Сборы в Москву, к торжеству священнейшего миропомазания Их Величеств, занимавшие в это время преосвященного, видимо радовали его надеждою ещё раз видеть святую Лавру Сергиеву, под кровом которой он рос и начал своё служение Церкви и Отечеству, родину, невиденную им в продолжение тридцати лет, – поклониться гробу преподобного Сергия и могилам родителей. Прощанье преосвященного при отправлении в Москву было особенно радушно.
Первые же почти вести о высокопреосвященном митрополите из Москвы были уже смутны. С возвращением архипастыря в С.-Петербург (5 сентября), недоумение паствы его разрешилось, но не радостно. Преосвященный, радушно встреченный в древней столице, поспешил исполнить желание сердца – посетить св. Лавру Сергиеву и могилы родителей своих. Всё это сделал он бодро и благодушно. Но почти вслед за возвращением в Москву силы его стали видимо оскудевать. Провидение сохранило остатки сил преосвященного только до времени торжества всероссийского. На другой день торжества он приветствовал Их Императорские Величества от лица всего духовенства речью, излившеюся от сердца. И это был последний уже подвиг его в жизни. Каждый из последовавших затем дней приносил с собою только больший упадок сил.

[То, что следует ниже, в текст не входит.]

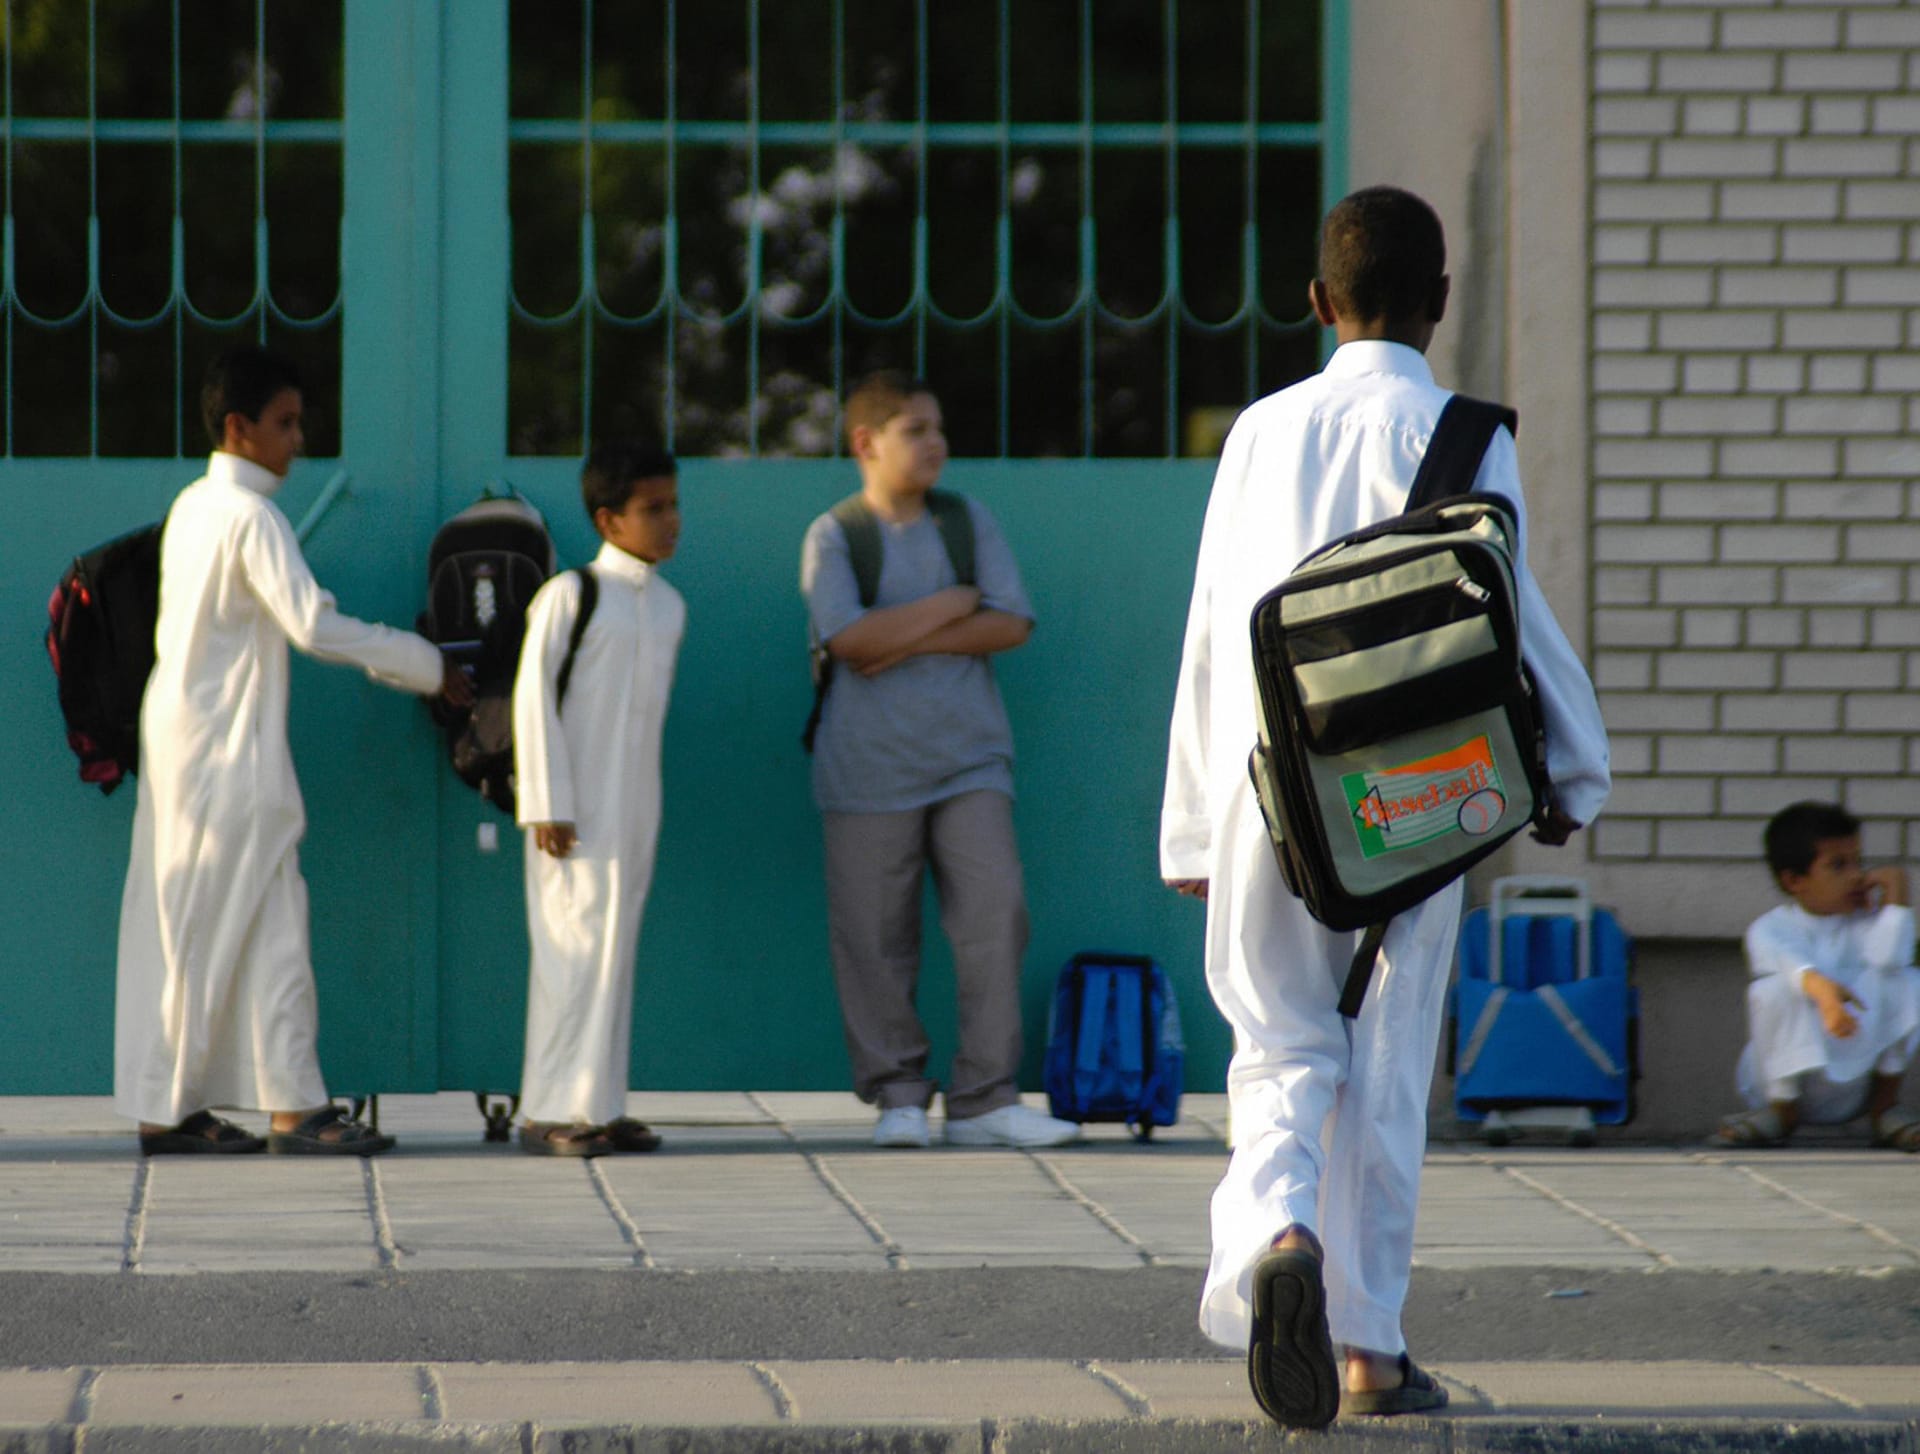 السعودية.. معلم مدرسة يفاجئ طلابه بهدية قيمتها تتجاوز 10 آلاف دولار بآخر يوم قبل التقاعد

Прибыв в С.-Петербург, преосвященный митрополит не вдруг ещё слёг на болезненный одр, хотя в беседах его уже часто выражалось убеждение, что надежды на выздоровление его нет. Во всё это время, совершенно спокойный в духе, он был постоянно в молитвенном настроении, часто возводил к небу очи свои и глубокими воздыханиями взывал к Отцу небесному, намеренно удаляя, по временам, от себя всех приближенных, чтобы в уединении молитвенно беседовать только с Богом. С 12 сентября он уже не восставал со своего болезненного одра, соделавшегося для него одром смертным: в этот день он в последний раз был исповедан и приобщён святых Христовых Тайн. 16 числа принял святое таинство Елеосвящения с живою верою и видимою радостию. В продолжении ночи с 16 на 17 число ожидали кончины с минуты на минуту. В три часа по полуночи прочитана была молитва на исход души. Но и ещё двенадцать часов длилась жизнь болящего, с сохранением сознания почти до последних часов. В два часа пополудни, примечая уже последнюю борьбу жизни со смертию, преосвященный викарий прочёл разрешительную молитву. В исходе третьего часа бывшие при одре архипастыря преклонили колена. Сдерживаемые слёзы и тайные молитвы не возмущали глубокой тишины в комнате умирающего. Вдруг часы пробили три раза. В безотчётном чувстве трепета сердечного присутствующие невольно усугубили молитвы, и преосвященный викарий тихо произнёс трогательную молитву известного святителя Иоасафа (Горленки): «Буди благословен день и час, в оньже Господь мой Иисус Христос мене ради родися, распятие и смерть претерпе. О, Господи Иисусе! В час смерти приими дух раба твоего, в странствии суща, молитвами Пречистыя Твоея Матере и всех Святых Твоих. Аминь». С последним словом молитвы вылетел последний вздох святителя. Было три часа и пять минут39...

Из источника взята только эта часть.